Estimation of Panel Data Models with Random Interactive Effects and Multiple Structural Breaks when T is Fixed T固定时具有随机交互效应和多个结构断裂的面板数据模型的估计

IF 3 2区数学 Q1 ECONOMICS

Journal of Business & Economic Statistics

Pub Date : 2022-04-22 DOI: 10.1080/07350015.2022.2067546

Y. Kaddoura, J. Westerlund

Abstract In this article, we propose a new estimator of panel data models with random interactive effects and multiple structural breaks that is suitable when the number of time periods, T, is fixed and only the number of cross-sectional units, N, is large. This is done by viewing the determination of the breaks as a shrinkage problem, and to estimate both the regression coefficients, and the number of breaks and their locations by applying a version of the Lasso approach. We show that with probability approaching one the approach can correctly determine the number of breaks and the dates of these breaks, and that the estimator of the regime-specific regression coefficients is consistent and asymptotically normal. We also provide Monte Carlo results suggesting that the approach performs very well in small samples, and empirical results suggesting that while the coefficients of the controls are breaking, the coefficients of the main deterrence regressors in a model of crime are not.

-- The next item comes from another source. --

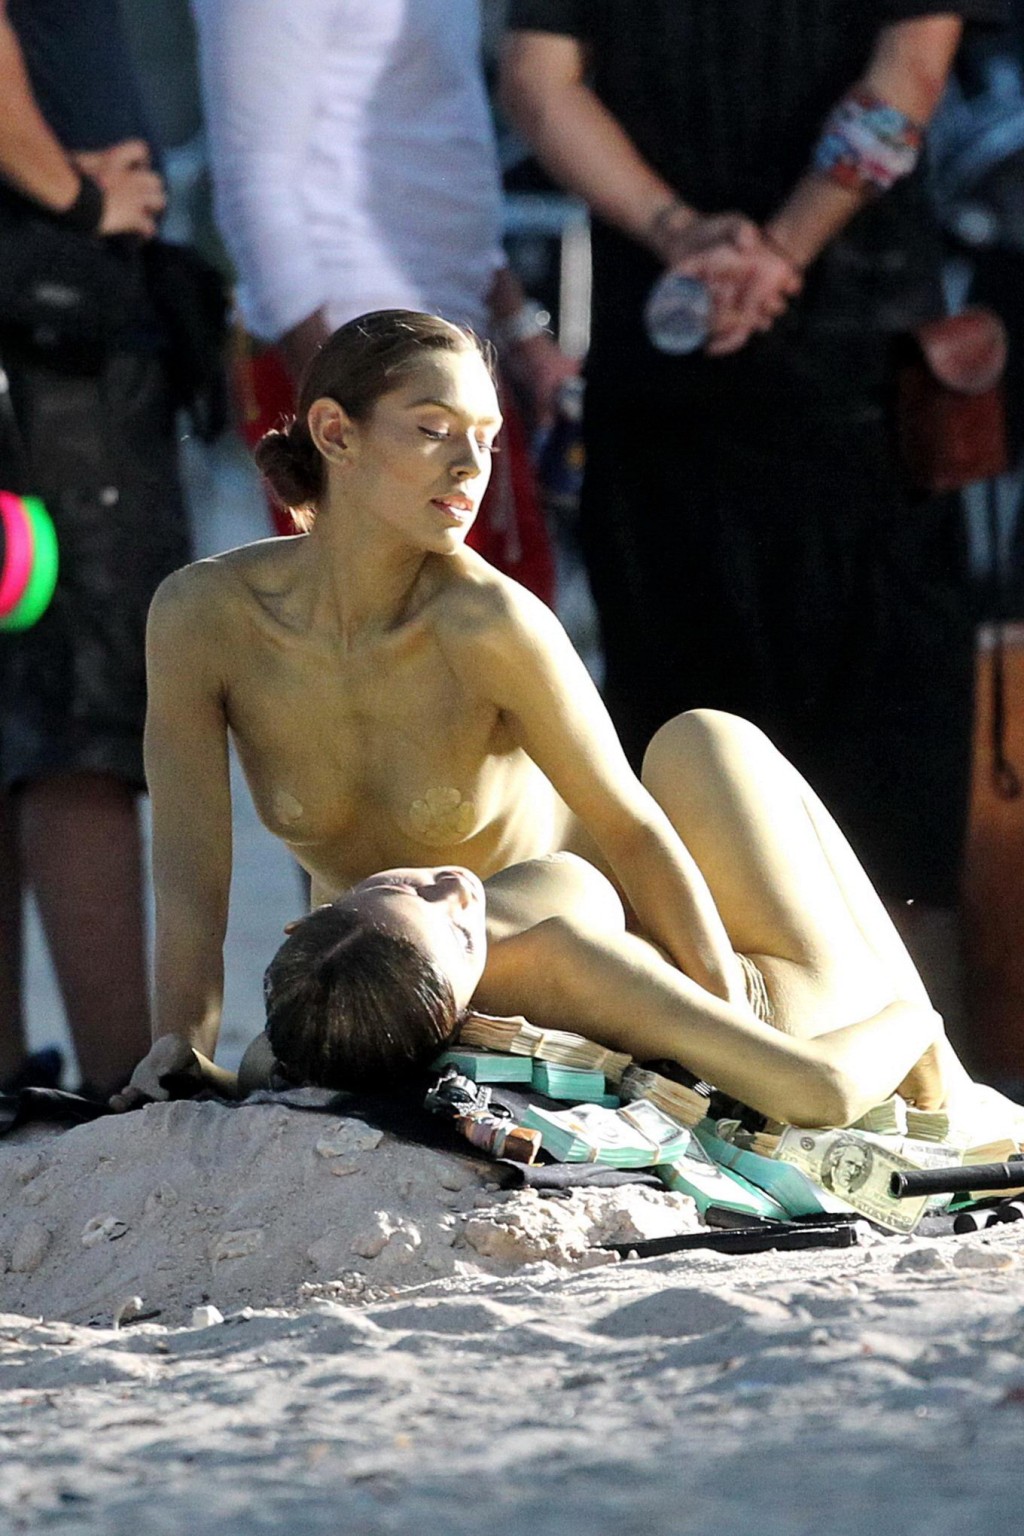 Taylor momsen gira un video musicale sulla spiaggia di miami con due modelle in bodypainting
 #75197640

摘要在本文中，我们提出了一种具有随机交互效应和多个结构断裂的面板数据模型的新估计量，该估计量适用于时间段数T固定且只有横截面单元数N大的情况。这是通过将断裂的确定视为收缩问题来完成的，并通过应用Lasso方法的版本来估计回归系数、断裂数量及其位置。我们证明，当概率接近1时，该方法可以正确地确定中断的次数和中断的日期，并且特定状态回归系数的估计量是一致的和渐近正态的。我们还提供了蒙特卡洛结果，表明该方法在小样本中表现良好，经验结果表明，虽然控制系数正在打破，但犯罪模型中主要威慑回归因子的系数却没有。

引用次数: 4

Combining p-values for Multivariate Predictive Ability Testing 组合p值进行多元预测能力测试

IF 3 2区数学 Q1 ECONOMICS

Journal of Business & Economic Statistics

Pub Date : 2022-04-19 DOI: 10.1080/07350015.2022.2067545

Lars Spreng, G. Urga

Abstract In this article, we propose an intersection-union test for multivariate forecast accuracy based on the combination of a sequence of univariate tests. The testing framework evaluates a global null hypothesis of equal predictive ability using any number of univariate forecast accuracy tests under arbitrary dependence structures, without specifying the underlying multivariate distribution. An extensive Monte Carlo simulation exercise shows that our proposed test has very good size and power properties under several relevant scenarios, and performs well in both low- and high-dimensional settings. We illustrate the empirical validity of our testing procedure using a large dataset of 84 daily exchange rates running from January 1, 2011 to April 1, 2021. We show that our proposed test addresses inconclusive results that often arise in practice.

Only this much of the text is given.